Home “This is My Jam” is Like Pinterest for Music

“This is My Jam” is Like Pinterest for Music

You know how it goes. One way or another, you get introduced to a new song, it sticks in your head and you want to share it with your Internet buddies. There are a few ways to go about it. You could find the song on YouTube and post a link to it on Facebook. You could tweet it. If it’s on Spotify or Rdio, you can share it directly with other users or add it to a public playlist.

As effective as these methods can be, they’re not always perfect. With Twitter and Facebook, there’s the risk of having your song get lost in a sea of other social noise. With direct-sharing on Spotify, you can get more granular, but the social experience more or less ends once your friend hits the play button. This new song you just discovered is so awesome, though.

A service that came out of private beta last week hopes to fill this void. This is My Jam lets you share one song at a time, designating that track as your “jam.” You can only have one jam at any given point in time and it expires after one week. This ensures that the content on the site remains recent, rather than allowing outdated tracks from early adopters to rot away on people’s timelines.

This is My Jam has all the basic social features you’d expect: following, liking, commenting and, of course, integration with Facebook and Twitter for sharing songs to a wider audience. When we first played with it, we couldn’t help but feel like the experience was akin to Pinterest, in the sense that it allows users to curate stuff they like and share it among friends.

One of the key differences is in the way the content is deliberately limited on This is My Jam. Instead of building out a page-long archive of past jams, the service just shows a gray, unlinked list of them. The focus here is really on one song per user. In a sense, it’s kind of like the music-obsessed love child of Twitter and Pinterest.

The music on the site comes from various sources across the Web, including YouTube, SoundCloud, the Hype Machine and the Echo Nest. Between the lot of them, there’s a massive library of music to choose from. This approach also largely frees This is My Jam from any messy DMCA legal disputes. The YouTube integration makes the new social service one of the few music sites that includes music from The Beatles and other notoriously digitally-hesitant artists.

The site can also work as a promotional vehicle for new artsits, with some limitations. It lets you upload your own audio files, provided you have the rights to do so, but those tracks don’t automatically get added to the library of music that other users can choose from. Any videos a band or artist has on YouTube, however, can be pulled up and shared as jams.

As you amass a network of friends on This is My Jam, the site becomes a sort of social radio station, kind of like Shufflr.fm, but based on what your friends are into, rather than recommendations from music blog tastemakers.
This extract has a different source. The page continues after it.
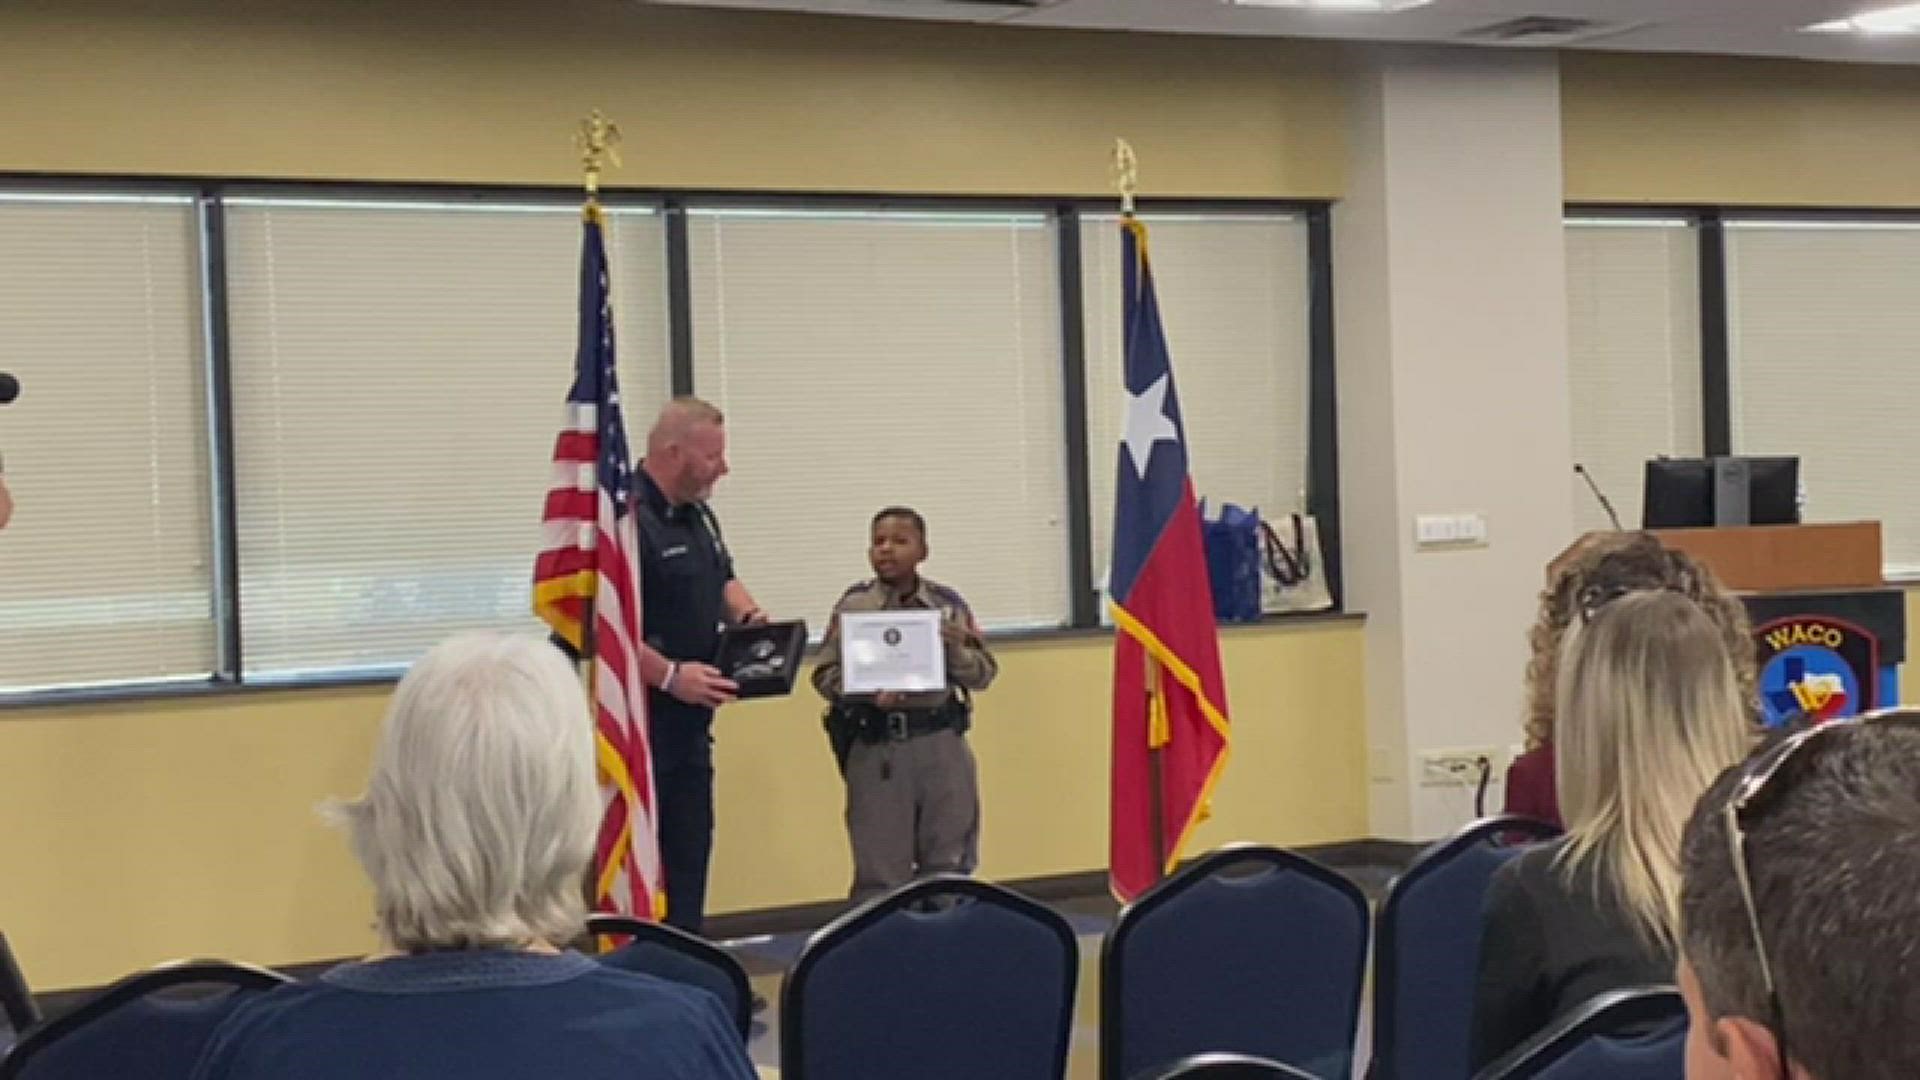 Waco Police Department along with surrounding Law Enforcement agencies will be swearing in 10-year-old Devarjaye Daniel as an honorary police officer of their agency

The site’s audio player is built so that playback continues as you browse through the site. A big yellow button at the top of each user’s homepage allows you play all of the jams of the people you follow. Those tracks can be scrobbled to Last.fm and tracks you like on This is My Jam can be added as favorites on Last.fm as well.

Overall, it’s a promising little Web app, but like any service of this nature, how useful it becomes will depend entirely on its ability to attract users. It’s brand new, so the growth that user base is just getting started.